- Relator(a)
- Ministro Gilson Dipp
- Órgão julgador
- Quinta Turma
- Data do julgamento
- 19/04/2012
- Data de publicação
- 24/04/2012
STJ – Acórdão, Rel. Ministro Gilson Dipp, Quinta Turma, j. 19/04/2012, p. 24/04/2012
PENAL. HABEAS CORPUS. FURTO QUALIFICADO TENTADO. QUADRILHA. PRISÃO PREVENTIVA. CONDENAÇÃO. VEDAÇÃO AO APELO EM LIBERDADE. RÉU PRESO DURANTE TODA A INSTRUÇÃO. NECESSIDADE DA CUSTÓDIA DEMONSTRADA. REITERAÇÃO CRIMINOSA. ACUSADO QUE RESPONDE A OUTROS PROCESSOS. MODUS OPERANDI. NECESSIDADE DA CUSTÓDIA PARA GARANTIA DA ORDEM PÚBLICA. CONDIÇÕES PESSOAIS FAVORÁVEIS. IRRELEVÂNCIA. CONSTRANGIMENTO ILEGAL NÃO EVIDENCIADO. ORDEM DENEGADA. I. O posicionamento desta Corte é no sentido da manutenção do acusado na prisão, após a sentença condenatória, se foi mantido preso durante a instrução processual, desde que a custódia esteja fulcrada no art. 312 do Código de Processo Penal. II. Explicitado no decreto prisional e no acórdão recorrido que o paciente já praticou outros delitos, estando, por esta razão, respondendo a outras ações penais, evidencia-se o cometimento reiterado de condutas criminosas, tornando necessária sua custódia provisória. III. Demonstrada a periculosidade concreta do acusado, denotando ser sua personalidade voltada para o cometimento de delitos, resta obstada a revogação da medida constritiva para garantia da ordem pública.
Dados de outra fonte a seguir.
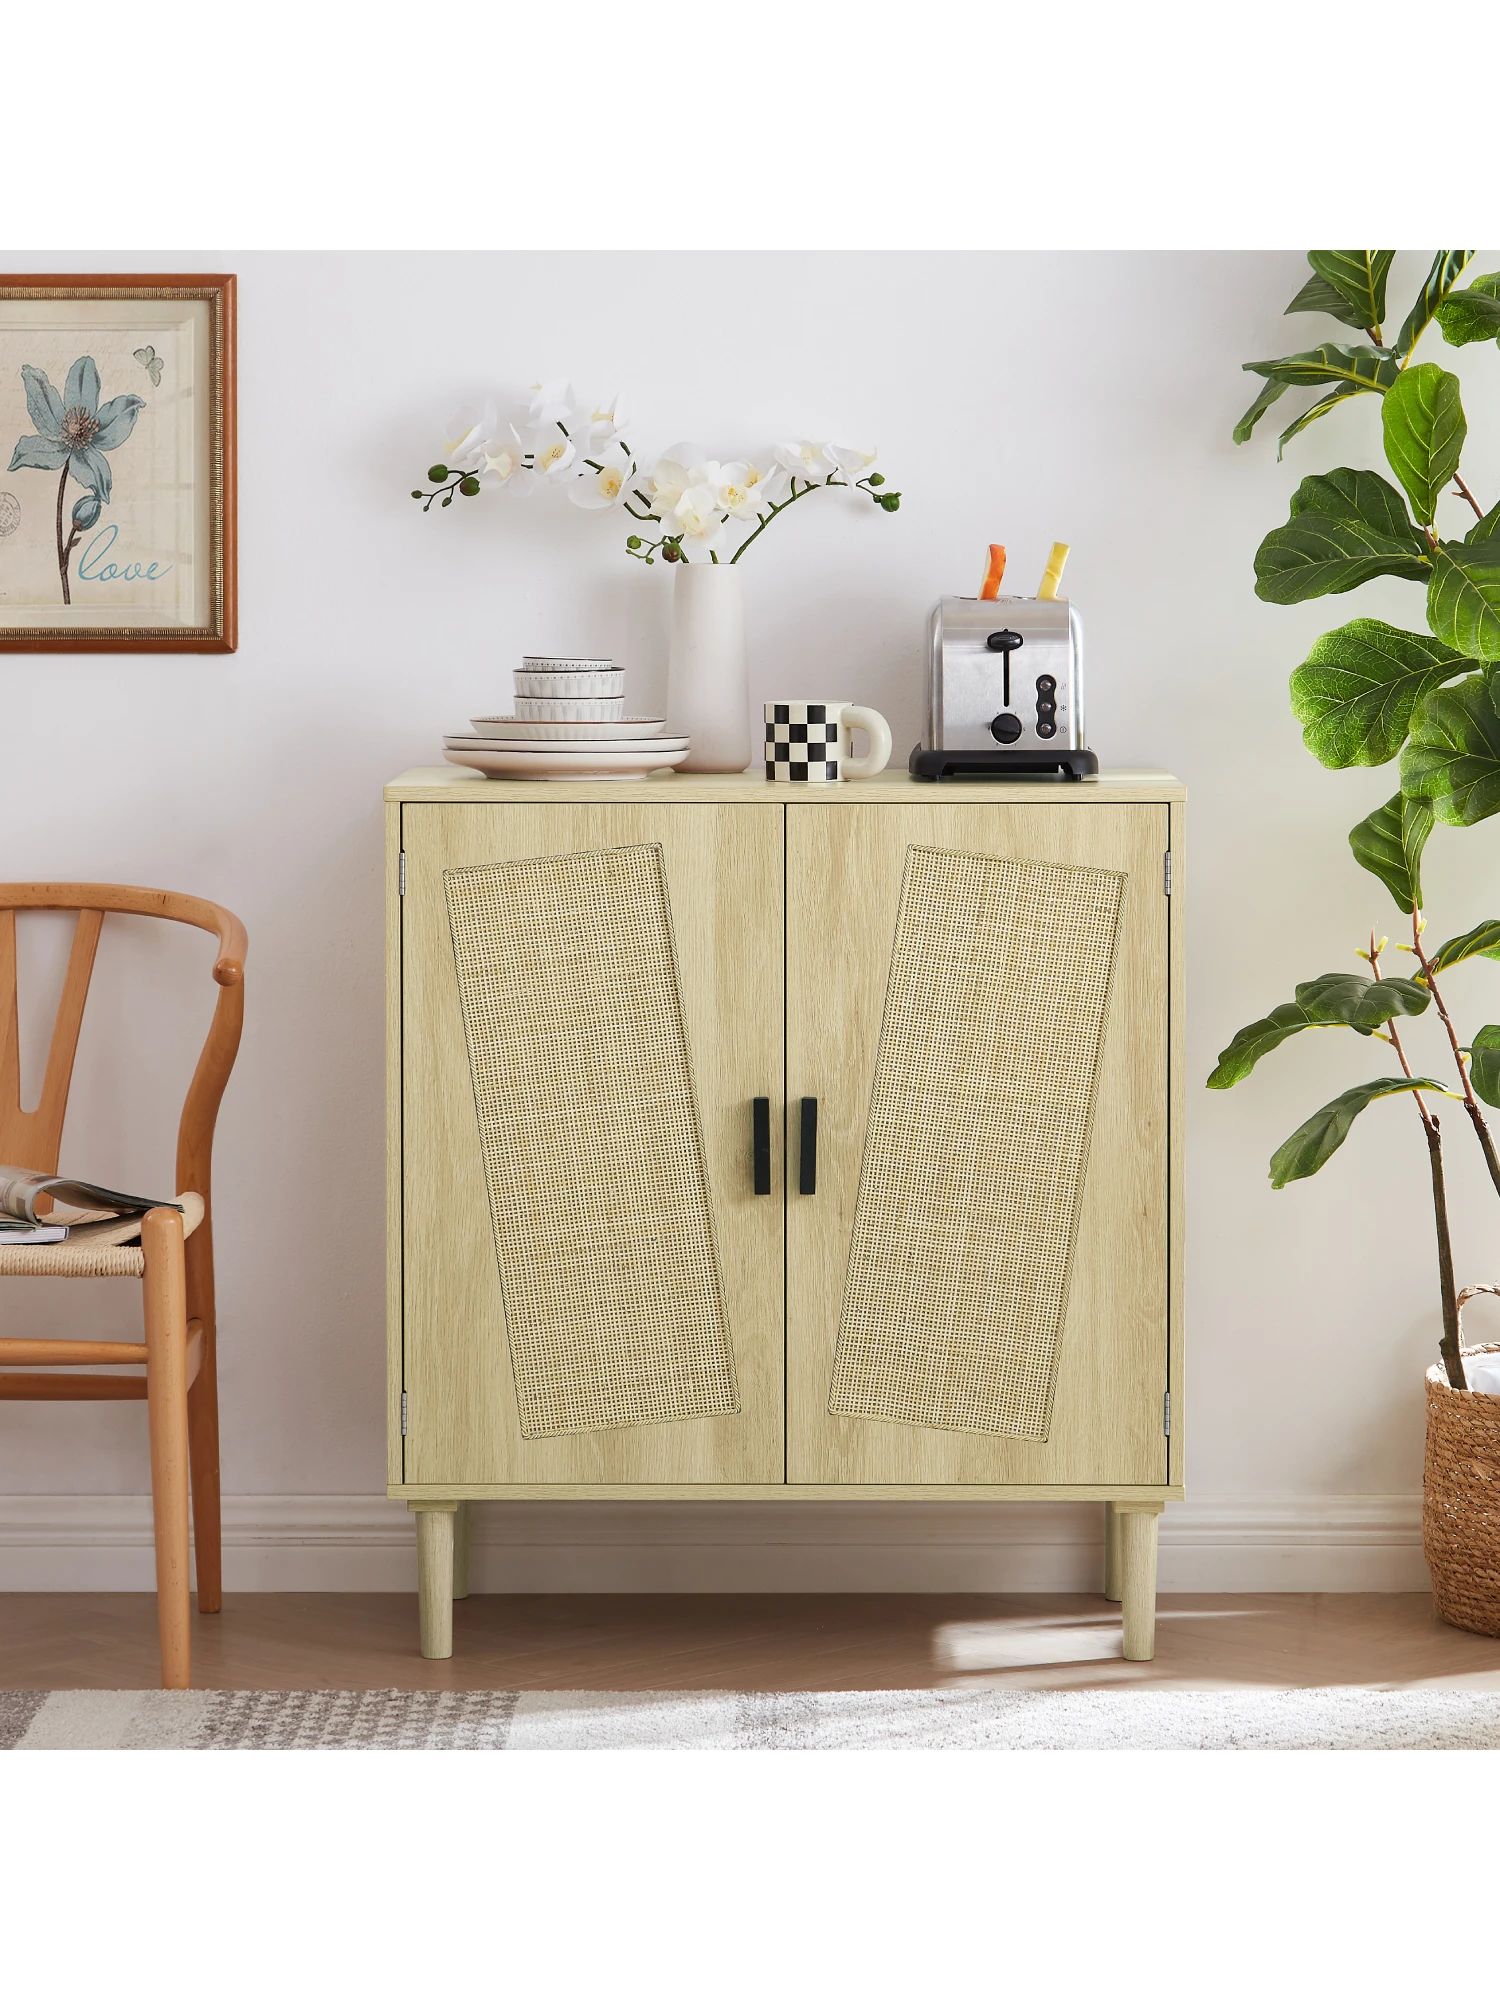 

Kitchen Storage Cabinets With Rattan Decorative Doors, Buffets, Wine Cabinets, Dining Rooms, Hallways, Cabinet Console Tables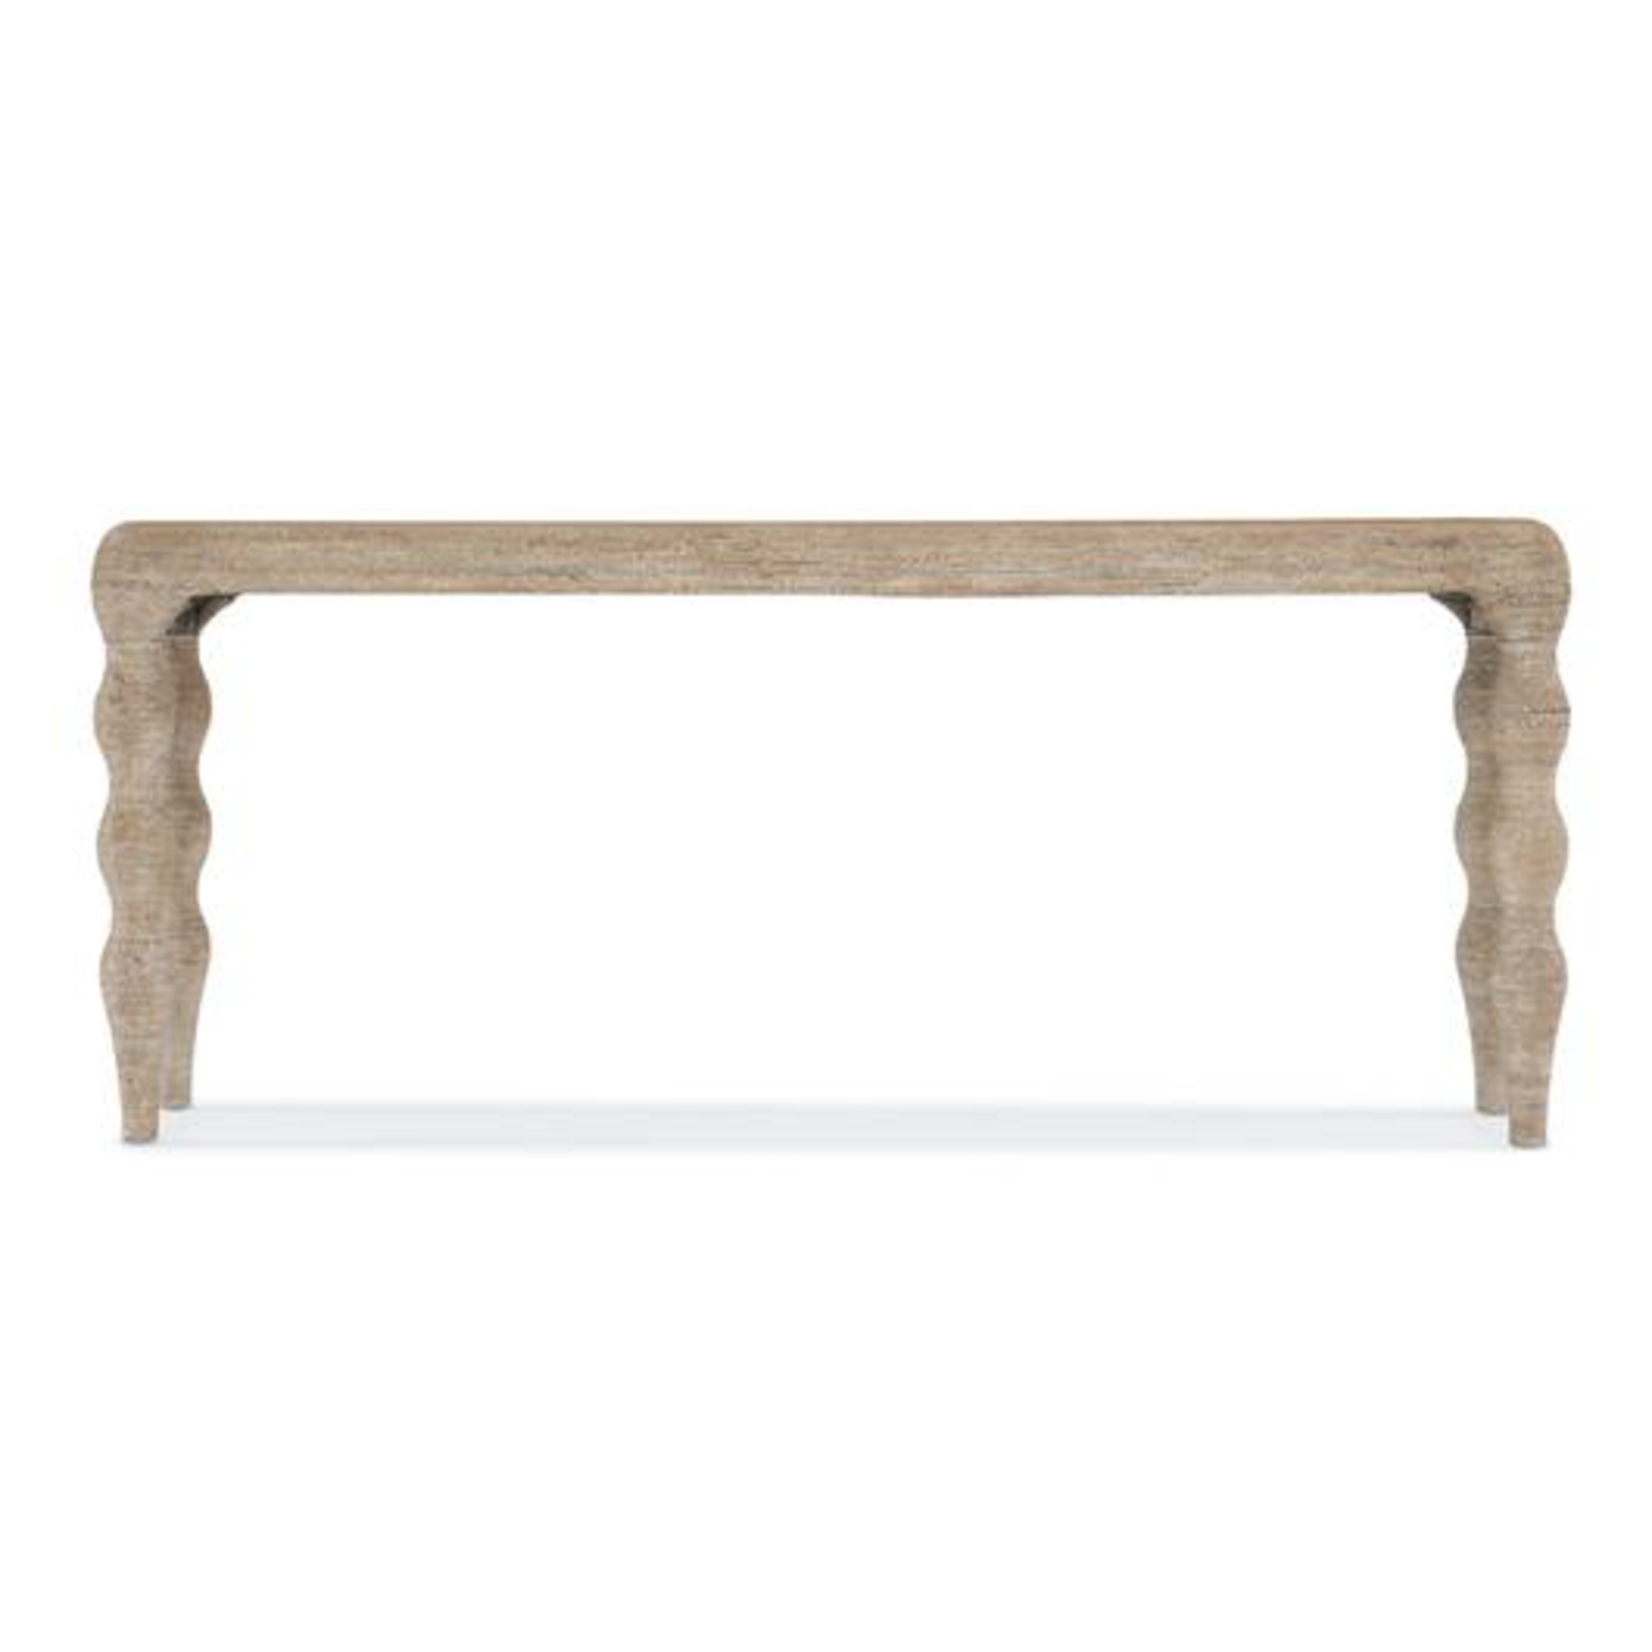 Outside The Box 76x15x32 Hooker Furniture Bahari White Wash Rope Wrapped Solid Wood Console Table

Precedentes desta Corte. IV. O fato de o delito ter sido cometido por quadrilha formada por, no mínimo, nove integrantes, a qual realizou o ato de forma bastante organizada, demonstra a necessidade da segregação provisória também para resguardar a ordem pública. V. Havendo, no decreto prisional, no qual se embasou o édito condenatório para negar ao paciente o direito de apelar em liberdade, elemento hábil a justificar a prisão cautelar do paciente, não é ilegal a sua permanência no cárcere, enquanto aguarda o trânsito em julgado da decisão. VI. Condições pessoais favoráveis não são garantidoras de eventual direito subjetivo à liberdade provisória, quando a necessidade da prisão é recomendada por outros elementos, como na hipótese dos autos. VII. Ordem denegada. (HC n. 183.467/PI, relator Ministro Gilson Dipp, Quinta Turma, julgado em 19/4/2012, DJe de 24/4/2012.)